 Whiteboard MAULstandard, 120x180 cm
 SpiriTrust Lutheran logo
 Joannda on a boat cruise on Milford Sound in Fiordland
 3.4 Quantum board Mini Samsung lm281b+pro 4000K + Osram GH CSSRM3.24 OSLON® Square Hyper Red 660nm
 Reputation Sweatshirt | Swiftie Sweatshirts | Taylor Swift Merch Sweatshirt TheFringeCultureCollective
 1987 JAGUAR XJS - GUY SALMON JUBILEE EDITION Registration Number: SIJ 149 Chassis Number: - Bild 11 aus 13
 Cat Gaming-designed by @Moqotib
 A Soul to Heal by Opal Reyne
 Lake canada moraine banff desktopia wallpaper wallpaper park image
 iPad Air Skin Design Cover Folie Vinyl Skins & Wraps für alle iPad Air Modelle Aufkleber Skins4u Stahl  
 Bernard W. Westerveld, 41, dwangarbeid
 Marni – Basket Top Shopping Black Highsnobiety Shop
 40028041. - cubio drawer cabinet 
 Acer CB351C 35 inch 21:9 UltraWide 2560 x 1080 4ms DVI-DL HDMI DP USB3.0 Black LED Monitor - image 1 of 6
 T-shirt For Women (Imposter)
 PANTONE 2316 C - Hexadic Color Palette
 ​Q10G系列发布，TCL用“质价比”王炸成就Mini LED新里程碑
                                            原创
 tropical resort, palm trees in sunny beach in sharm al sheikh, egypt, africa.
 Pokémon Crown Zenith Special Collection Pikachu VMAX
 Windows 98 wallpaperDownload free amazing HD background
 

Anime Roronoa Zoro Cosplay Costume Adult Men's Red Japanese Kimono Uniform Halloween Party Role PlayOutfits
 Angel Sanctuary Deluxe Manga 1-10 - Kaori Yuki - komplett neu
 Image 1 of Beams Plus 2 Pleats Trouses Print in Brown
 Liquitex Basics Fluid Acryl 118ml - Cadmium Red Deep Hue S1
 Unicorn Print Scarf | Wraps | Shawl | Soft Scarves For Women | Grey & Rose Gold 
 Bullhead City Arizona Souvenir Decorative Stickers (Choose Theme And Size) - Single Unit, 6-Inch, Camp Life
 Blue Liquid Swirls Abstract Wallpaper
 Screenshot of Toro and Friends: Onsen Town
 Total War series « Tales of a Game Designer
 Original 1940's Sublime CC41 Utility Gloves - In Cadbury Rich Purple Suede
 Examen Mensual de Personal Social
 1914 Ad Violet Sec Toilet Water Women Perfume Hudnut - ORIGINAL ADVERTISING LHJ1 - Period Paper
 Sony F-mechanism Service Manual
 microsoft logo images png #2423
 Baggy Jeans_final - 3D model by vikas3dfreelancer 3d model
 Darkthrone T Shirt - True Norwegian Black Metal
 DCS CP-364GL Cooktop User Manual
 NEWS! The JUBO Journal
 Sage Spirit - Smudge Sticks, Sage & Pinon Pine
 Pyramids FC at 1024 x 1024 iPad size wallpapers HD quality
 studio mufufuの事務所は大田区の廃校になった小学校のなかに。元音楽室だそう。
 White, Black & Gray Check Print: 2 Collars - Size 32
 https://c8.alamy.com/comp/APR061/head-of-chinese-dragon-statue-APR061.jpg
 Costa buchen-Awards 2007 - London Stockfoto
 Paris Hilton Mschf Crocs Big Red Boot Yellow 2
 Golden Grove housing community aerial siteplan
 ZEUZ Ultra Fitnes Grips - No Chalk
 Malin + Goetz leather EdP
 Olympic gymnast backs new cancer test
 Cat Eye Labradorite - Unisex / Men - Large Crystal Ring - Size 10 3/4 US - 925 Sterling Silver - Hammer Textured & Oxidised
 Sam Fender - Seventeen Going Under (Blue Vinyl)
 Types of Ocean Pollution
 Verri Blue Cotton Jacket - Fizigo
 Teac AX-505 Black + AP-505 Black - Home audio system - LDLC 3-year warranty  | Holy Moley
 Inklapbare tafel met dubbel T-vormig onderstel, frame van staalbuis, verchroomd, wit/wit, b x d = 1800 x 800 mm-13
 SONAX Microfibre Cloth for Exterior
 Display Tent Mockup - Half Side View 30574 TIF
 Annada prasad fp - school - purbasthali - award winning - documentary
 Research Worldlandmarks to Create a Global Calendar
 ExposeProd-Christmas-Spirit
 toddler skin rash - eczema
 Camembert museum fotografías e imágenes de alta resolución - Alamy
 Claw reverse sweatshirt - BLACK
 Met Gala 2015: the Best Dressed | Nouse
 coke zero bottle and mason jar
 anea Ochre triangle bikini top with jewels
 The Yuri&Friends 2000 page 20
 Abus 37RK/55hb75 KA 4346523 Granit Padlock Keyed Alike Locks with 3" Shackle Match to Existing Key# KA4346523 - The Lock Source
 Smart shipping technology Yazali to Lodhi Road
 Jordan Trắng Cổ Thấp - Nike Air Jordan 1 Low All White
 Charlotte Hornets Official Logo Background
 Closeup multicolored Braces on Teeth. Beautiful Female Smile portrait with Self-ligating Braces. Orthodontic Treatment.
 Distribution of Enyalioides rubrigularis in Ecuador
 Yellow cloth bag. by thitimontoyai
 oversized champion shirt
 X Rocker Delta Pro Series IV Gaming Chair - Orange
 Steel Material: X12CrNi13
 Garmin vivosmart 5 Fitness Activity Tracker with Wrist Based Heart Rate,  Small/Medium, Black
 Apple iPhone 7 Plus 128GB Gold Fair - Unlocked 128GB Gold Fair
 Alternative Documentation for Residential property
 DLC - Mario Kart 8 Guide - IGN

**Exercise details:** Which lines run from the one with "Garmin vivosmart 5" through the end of the listing above? Restate them word for word, with nothing else.

**Task output:**
 Garmin vivosmart 5 Fitness Activity Tracker with Wrist Based Heart Rate,  Small/Medium, Black
 Apple iPhone 7 Plus 128GB Gold Fair - Unlocked 128GB Gold Fair
 Alternative Documentation for Residential property
 DLC - Mario Kart 8 Guide - IGN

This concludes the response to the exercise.